From 1857 to 1884 Ball Freighters traveled from San Bernardino into Arizona, carrying food supplies, merchandise, and tools, all that was needed by the struggling towns of Phoenix, Prescott, Wickenburg and Army posts. The east and west had been connected by the railroad, but that railroad was to the north, cut off by such rugged country as the Grand Canyon, and in 1884 a railroad was put through that served Arizona. Then Ball’s indestructible freight wagons were used in Death Valley, hauling borax. They can still be seen there.
The stage coaches of that period have been glamorized in western fiction. Their dash through the desert, combating highwaymen and hostile Indians, makes fascinating history. But the mule-freighters get no attention. Their mile-long line of wagons, moving along in their own dust, lack glamor. Yet for thirty years they meant survival to those remote communities whose nearest neighbors were the Apaches.
Apaches never molested Balls’ Freighters, not while thirty to forty tough mule-skinners drove with rifles ready. Immigrant wagons often traveled along with them for protection. The freighters took their own pace, stopping wherever night overtook them. They made their own roads, following wherever possible, the flat country.
Ball had three routes. The northern road took him across the Colorado at Needles. By the southern route, Ball followed the stage road as far as Warner’s, then on up to Montezuma Valley and down the Grape Vine. And here, in the wash, Ball found water.
This is the way the late Elmer Ball, grandson of W. H. Ball, for many years a resident of Escondido Valley, tells the story:
“The Old Man found the water at the foot of the Grape Vine, but it wasn’t much good – muddy and hard to get out. So he left two Yaquis there. He told ’em how to fix the well. He said he’d pick em up on his next trip.
“Indians respected the Old Man. He always did what he said he would. On his next trip down from San Berdoo he found the well just as he had told ’em to fix it, a wooden curb four-foot square, and the well deepened so the water was sufficient. They drew it up in buckets….”

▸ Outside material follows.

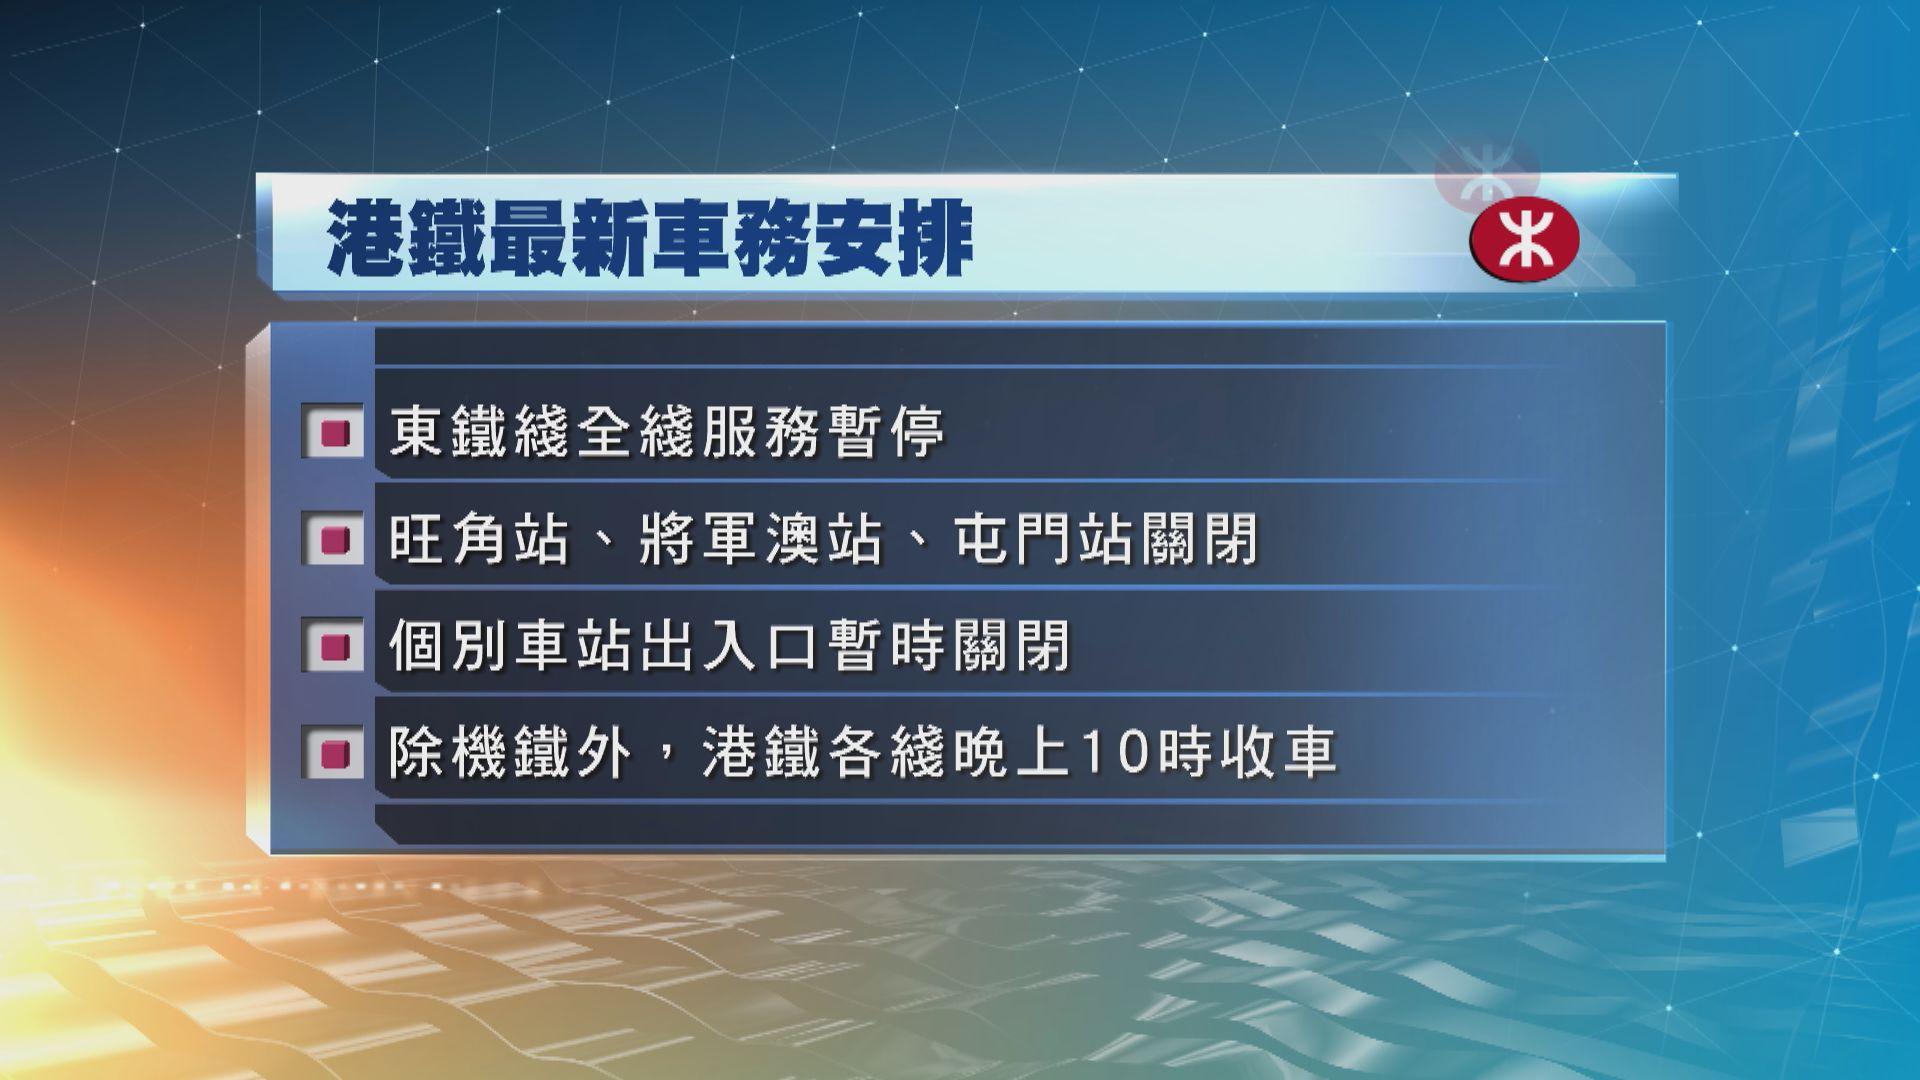 港鐵宣布東鐵綫全線服務暫停

So now the water wasn’t “hard to get out”. All the mule-skinners had to do was draw it up in buckets till they had satisfied the thirst of a hundred or more mules, and then fill the supply barrels carried on the sides of each wagon in that mile-long train!
From Yaqui Well the mule-train would start out on that long drag over the desert, through burning sun, windstorm, or pleasant spring weather. Whatever the weather, they plodded ahead at mules’ pace, for this three to four months’ trek, with those vital supplies to the communities they served. They might return empty, or they might bring ore from the mines. There were no stations, no change of mules. The mules they started with made the entire trip; they stopped to make camp wherever night overtook them. These were hardy pioneers, who well deserve to be remembered.
So, also we can remember the two Yaquis who trusted “The Old Man” enough to work for him and dig the well so that there would be water for the start across the desert. The well was allimportant, and deserves its place in history. Maybe we can even see, in our imaginations, that mile-long cloud of dust, hear the rumble of heavy wagons and the crack of the bullwhip “like a pistol-shot”, as the life-line of Arizona pioneers moves steadily onward through the years when they were needed.